Being a national of the United Kingdom, a lot of the articles popping up on Bloomberg or CNBC seem both foreign and a little irrelevant to me (what is NFL anyway?). This one caught my eye however.
The city of Stockton in California has filed for bankrupty and defaulted on over $10m in debt payments. Over the past few years there has been a trickle of articles citing the US municipal bond market and local US government as the next thing to succumb to the strains of a debt-fuelled lifestyle.
Is Stockton a lone scenario or a 'Bear Stearns hedge fund' type event? Would a collapse in credit-worthiness of US municipalities even be a big issue?
Stockton, California, said it will file for bankruptcy after talks with bondholders and labor unions failed, making the agricultural center the biggest U.S. city to seek court protection from creditors.
http://www.bloomberg.com/news/2012-06-27/stockton-california-to-file-fo…
Well, this is actually somewhat common throughout California. I can't speak for the rest of the country, but California's budget process is a special kind of dysfunctional.
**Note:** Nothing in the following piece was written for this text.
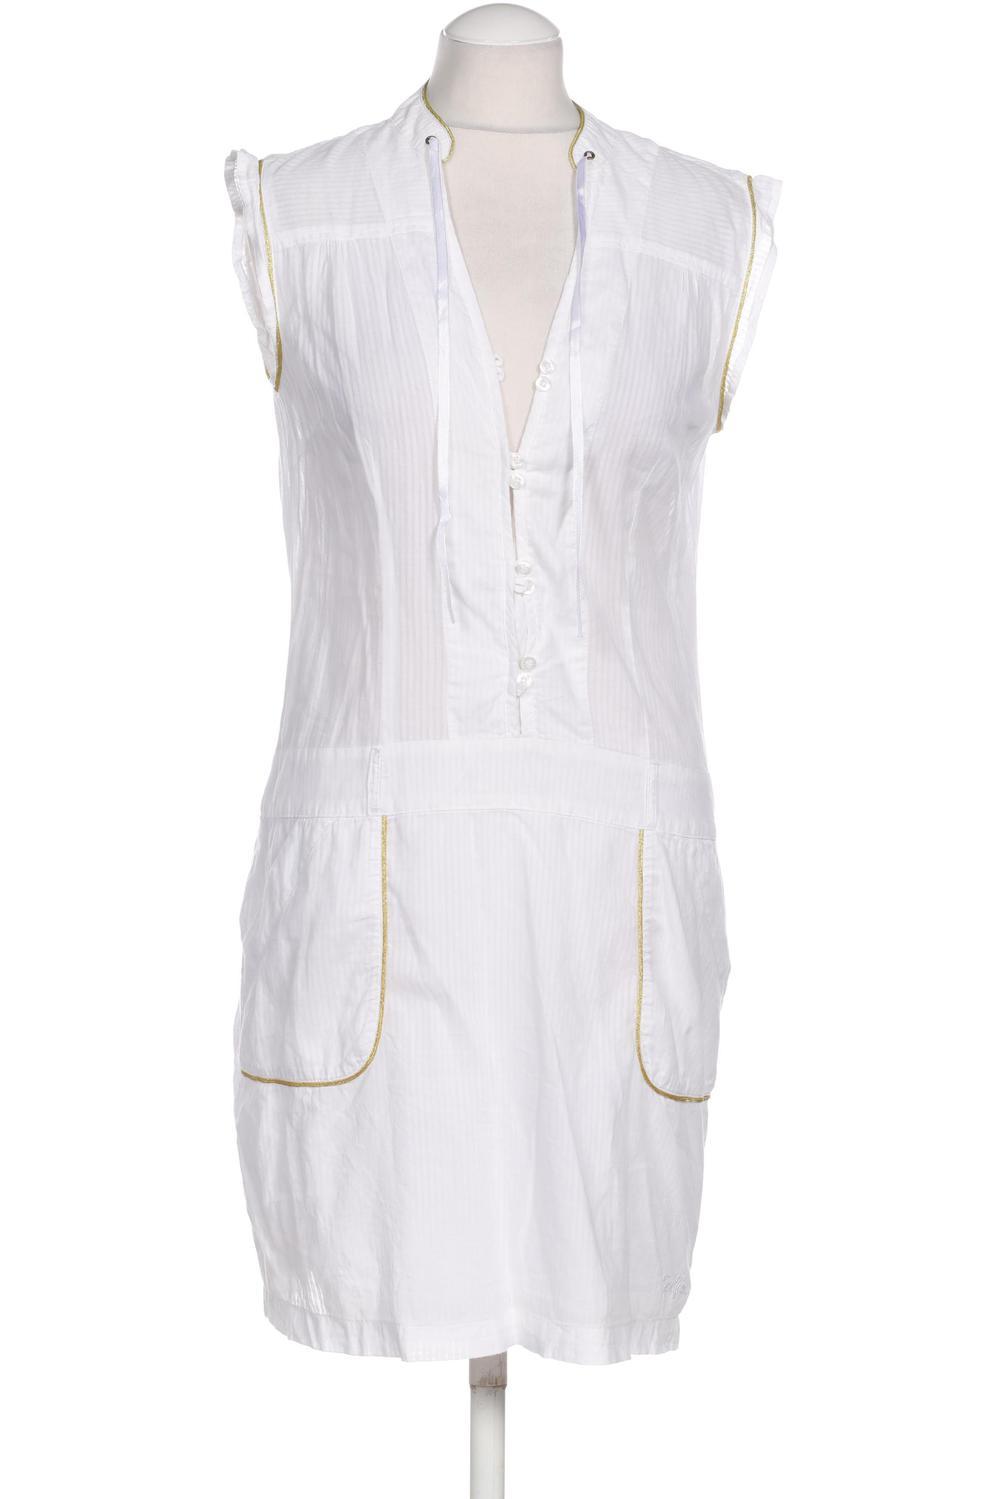 details zu pepe jeans kleid damen dress damenkleid gr. m baumwolle, viskose  weiß #3b8f561

California has high property prices, but low property taxes due to Prop 13. Said taxes were fixed at 1%, and cannot increase faster than inflation (2% per year?). So, the state has turned to other sources. Its liberal leanings make anything regressive politically impossible, so the legislature has instead gone with a very high, very progressive income tax. I think it is 9.3% for the top bracket, with increases expected. I should note, the sales tax is still over 8%.
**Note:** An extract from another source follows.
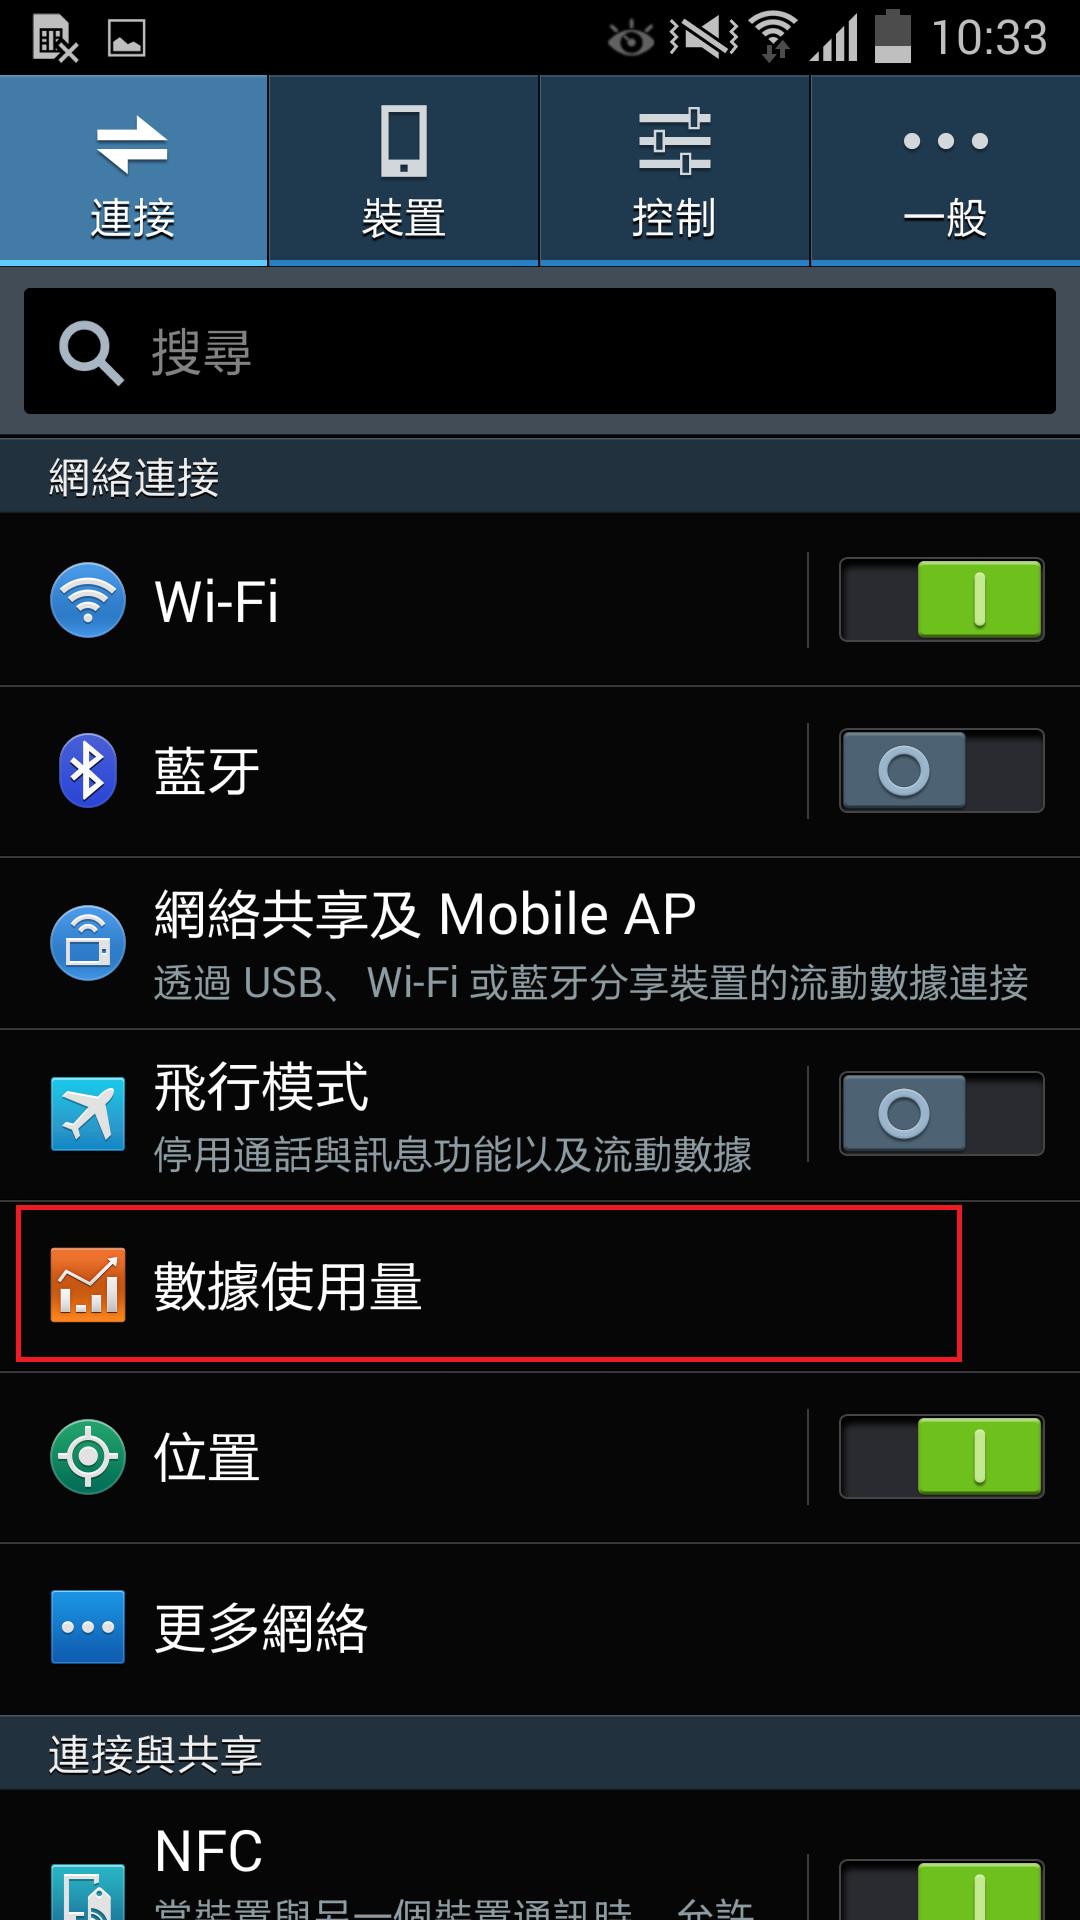 為何升級到Android 4.4.2後不能同步電子郵件?

The state balances its budget around the peak of boom cycles. Unfortunately, the top earners have highly volatile incomes, so the state runs a massive deficit in recessions. CA also has some of the most generous social programs in the country, the utilization of which increases with economic decline.
California's employees also enjoy the benefits of unions, and nearly untouchable benefits. Oftentimes, you see union benefit bargaining wars. (If the teachers get a pay bump, the firefighters want one too.) Legal precedent has made their pensions almost untouchable, even as the entity in question is driven to the brink of bankruptcy. Tricks such as pension "spiking" do not help.
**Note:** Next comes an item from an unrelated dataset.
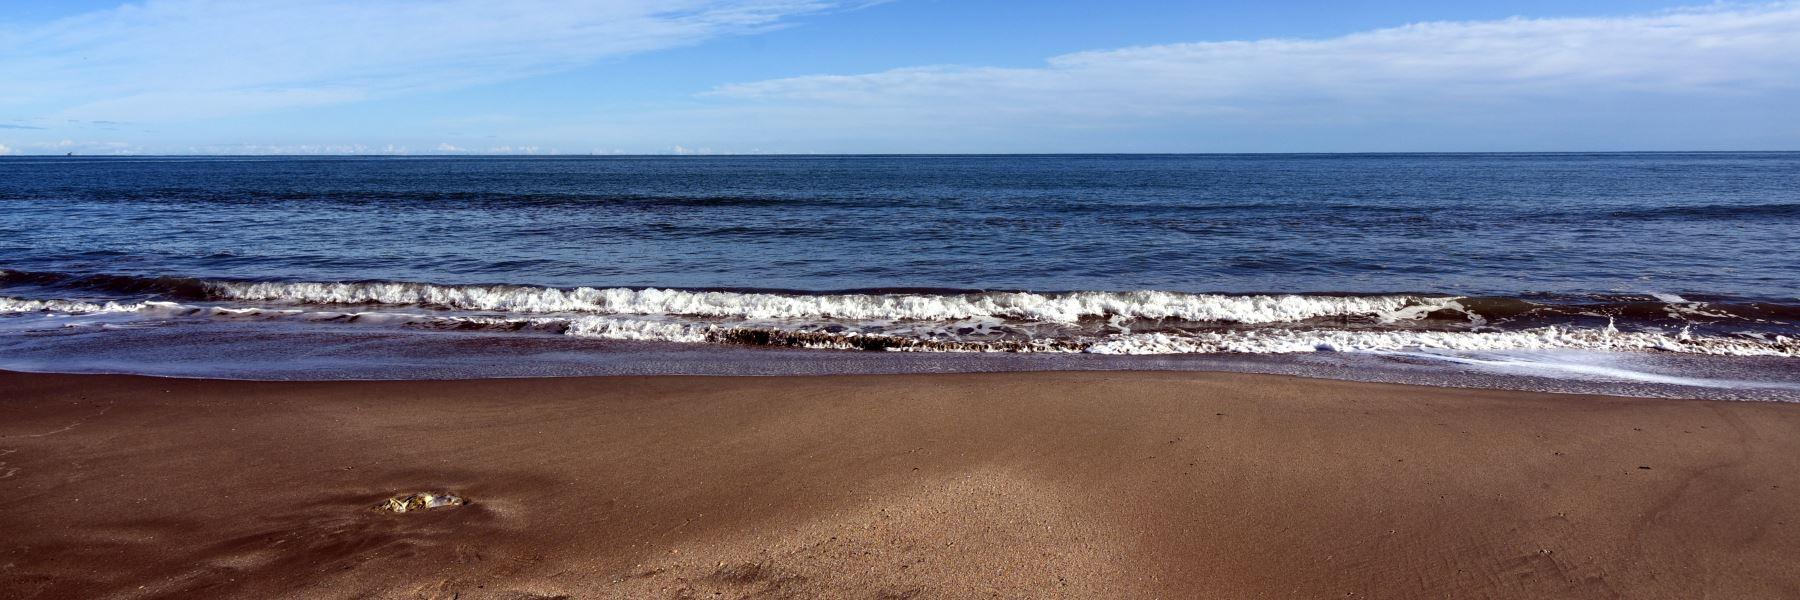 Mare d'inverno  - DE

This is all compounded by the budgeting system. The state legislature requires a 2/3 majority to raise taxes or pass a budget. Yet voters can put new programs into law with a simple majority...yea, you can see how this goes. California's have used this power to regulate the size of chicken coops, among other pressing issues.
All this has left the state in a precarious fiscal position. Stockton always sat on the edge; it only existed due to the housing boom. Nobody wants to live in Stockton; it's in the middle of nowhere and has a bit of a meth problem. People lived there because other areas were too expensive. When property values fell, people started defaulting on their (underwater) mortgages and walking away. Soon, they could not support the bloated public sector pensions.
California recently ended "redevelopment agencies", which basically served as a means of distributing property tax funds to municipalities instead of the state. Now municipalities are facing a funding gap, having come to rely on the redevelopment agencies. For instance, the 49ers were supposed to move to Santa Clara...but the city is coming up $30 million short for their new stadium. Some cities that received significant redevelopment funds, like San Jose, are now on the brink.
OP, this was an absolutely fantastic response and I wish to agree with it 100%. Cali is significantly different from other states but the city/state funding crises are felt all over the country.
NICK DIAZ: "DON'T BE SCARED HOMIE" "STOCKTON MOTHERF****R!!!!!!!"
The most plausible end game is some hurt for creditors, massive hurt for pensioners, a little hurt for taxpayers.